Merhan Karimi Nasseri, l'uomo che ha ispirato The Terminal - Photo Credits: tricurioso.com
Merhan Karimi Nasseri, l’uomo che ha ispirato The Terminal – Photo Credits: tricurioso.com

The Terminal è un film uscito nelle sale cinematografiche nel 2004. E’ la terza collaborazione tra due pilastri del cinema statunitense e mondiale, il regista Steven Spielberg e l’attore Tom Hanks. Racconta la storia di Viktor Navorski (Hanks), un cittadino di un fantomatico paese dell’est Europa, Krakozhia. L’uomo si ritrova costretto a vivere per mesi  nell’aeroporto John F. Kennedy International di New York. Questo perché, proprio mentre è in viaggio per gli Stati Uniti, nel suo paese avviene un colpo di stato. A causa di ciò, Viktor si ritrova senza una nazionalità riconosciuta internazionalmente. Non può, di conseguenza, né entrare in suolo americano né viaggiare.

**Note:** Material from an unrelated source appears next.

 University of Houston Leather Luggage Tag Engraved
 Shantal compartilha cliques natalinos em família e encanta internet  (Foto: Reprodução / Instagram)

La vera storia dietro a The Terminal

Per il suo film Spielberg è partito da una storia vera. Si tratta di quella di Merhan Karimi Nasseri, o come lui stesso si fa chiamare, Sir Alfred Mehran. E’ un rifugiato iraniano che vive per 18 anni presso l’aeroporto Charles de Gaulle di Parigi. L’uomo, per tutto questo tempo, crea una sua casa nella parte adibita a centro commerciale del Terminal 1 dell’edificio. Questa assurda situazione inizia nel 1988. L’uomo si mette in volo dalla Francia per andare da alcuni suoi parenti in Inghilterra. Al suo arrivo ad all’aeroporto di Heathrown di Londra è fermato dalla polizia inglese per problemi ai documenti. Viene, poi, rimandato in Francia. Nemmeno a Parigi, però, accettano quello che presenta. L’uomo si ritrova, dunque, senza un’identita nazionale accettabile. Non può, di conseguenza, né lasciare la Francia né entrare nel paese. Perciò, è costretto a ririmanere in aeroporto.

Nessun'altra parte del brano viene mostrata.